There's a pricing pattern spreading through AI-powered travel software that's worth understanding before you sign a contract.
Most platforms that use large language models (Anthropic, OpenAI, and others) to power their AI features have a straightforward commercial choice to make: pass those compute costs through to customers at cost, or bundle them into the platform fee at a markup. The second option is more common. The platform buys tokens wholesale, sells them retail, and takes margin on every AI interaction your team or your travelers generate. Clean model. Logical. Also worth scrutinizing.
The problem with token markup
When AI compute is embedded in your platform fee at a margin, a few things follow.
First, your costs scale with AI usage in a way that's opaque. You're not paying for infrastructure you can see and audit — you're paying a blended rate that includes someone else's margin on top of the underlying cost. As your volume grows, so does the embedded markup, invisibly.
Second, the vendor's commercial incentive is misaligned with yours. A platform making margin on tokens has a reason to maximize AI usage, not to optimize it. Every interaction, necessary or not, contributes to their revenue.
Third, it creates commodity risk. The underlying models are Anthropic's or OpenAI's, not the platform's. A competitor willing to take a thinner margin on the same infrastructure can undercut on price without changing the product. The platform that built its business model on token resale finds itself in a margin war over someone else's technology.

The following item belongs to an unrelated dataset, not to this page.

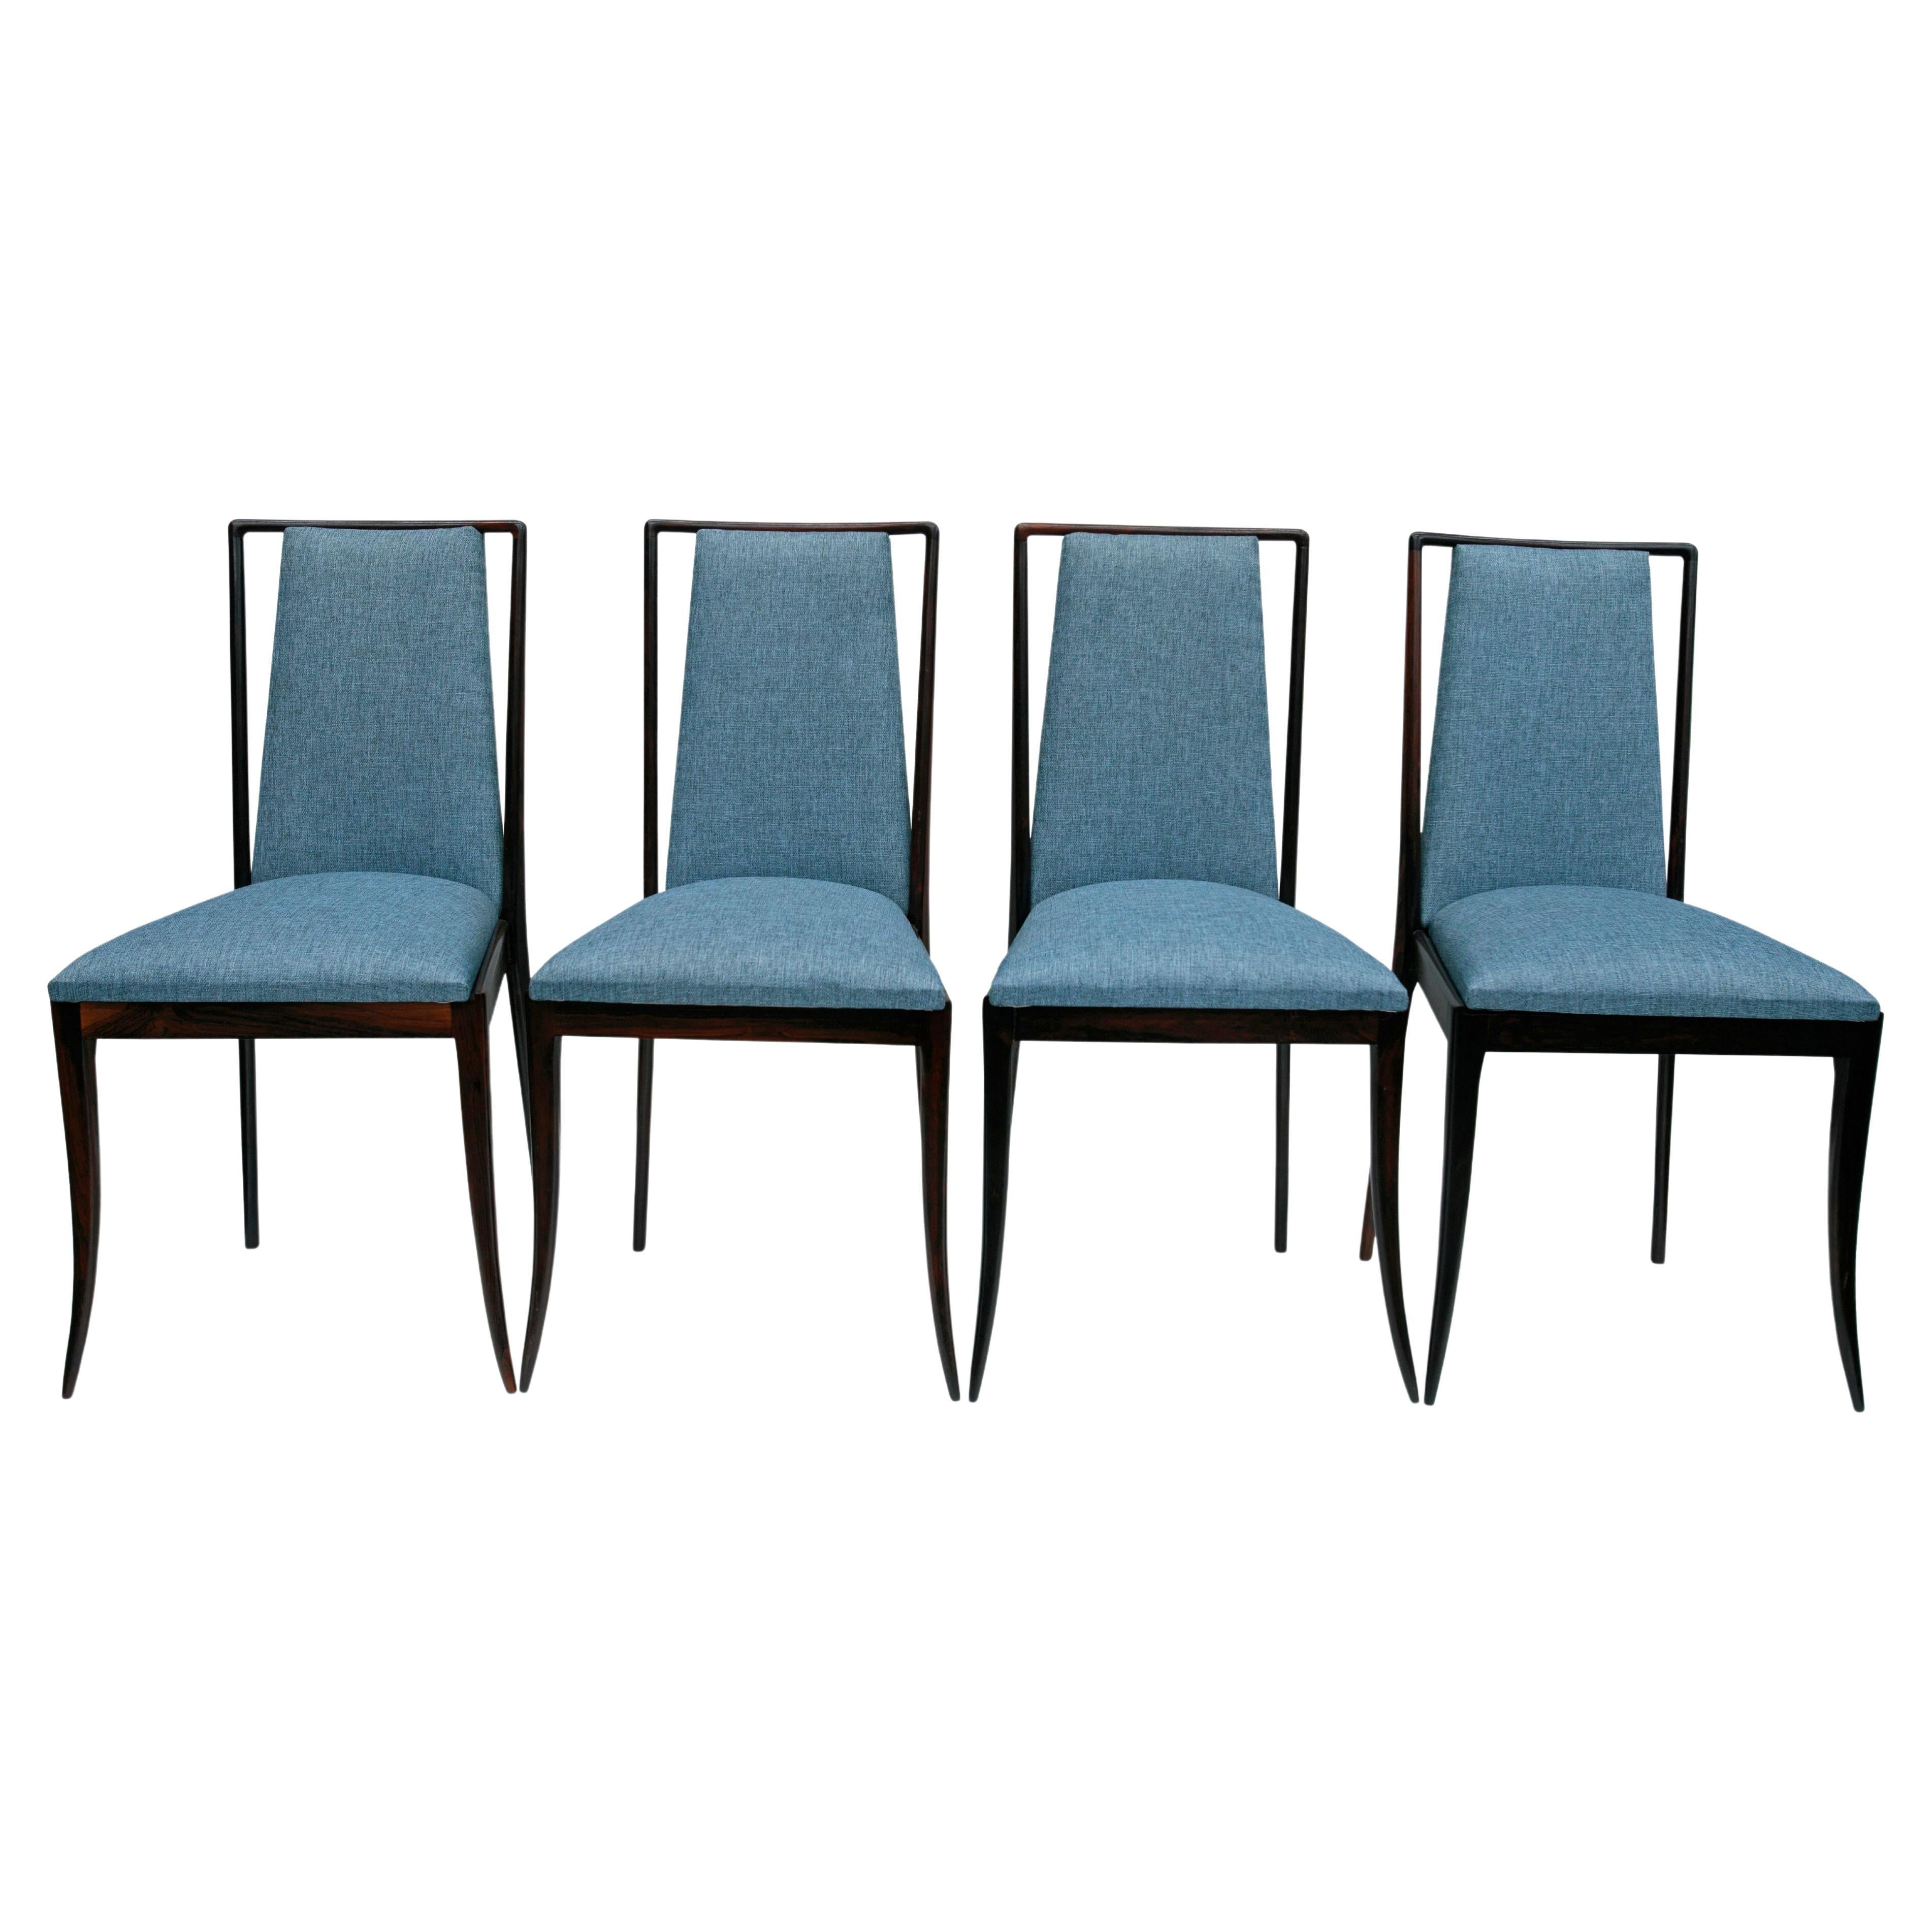 Brazilian Modern 4 Chair Set in Hardwood & Blue Fabric by G. Scapinelli, Brazi

How Acai structures its pricing
Acai passes AI compute costs through to customers at cost, transparently, with no markup. The invoice shows what the infrastructure actually costs to run your workflows. Not a profit center but a utility line.
What Acai charges for is the platform we built: the orchestration layer that connects natively to GDS systems (Sabre, Amadeus, Travelport+), NDC content aggregators, reads live PNR data, checks fare rules in real time, cross-references traveler profiles and corporate travel policies, and takes autonomous action at the moment it's needed. That's the capability that required years to build and can't be replicated by adjusting a token margin.
The test worth running on any AI vendor: if the major LLM providers cut token prices by 50% tomorrow, what happens to your pricing?
If their costs go down automatically, they're in the token resale business. If nothing changes because you're paying for the platform they built, that's a different conversation.
A second question worth asking: could you bring your own AI model and still find the platform worth paying for?
At Acai, the answer is yes. Customers who find better LLM pricing elsewhere can bring their own model. The content connectivity, the reservation parsing, the fare rules engine, the policy logic, the action layer...none of that changes. What they're paying for was never the compute sitting underneath. It was always the system built around it.
Compute is infrastructure. Treat it like one.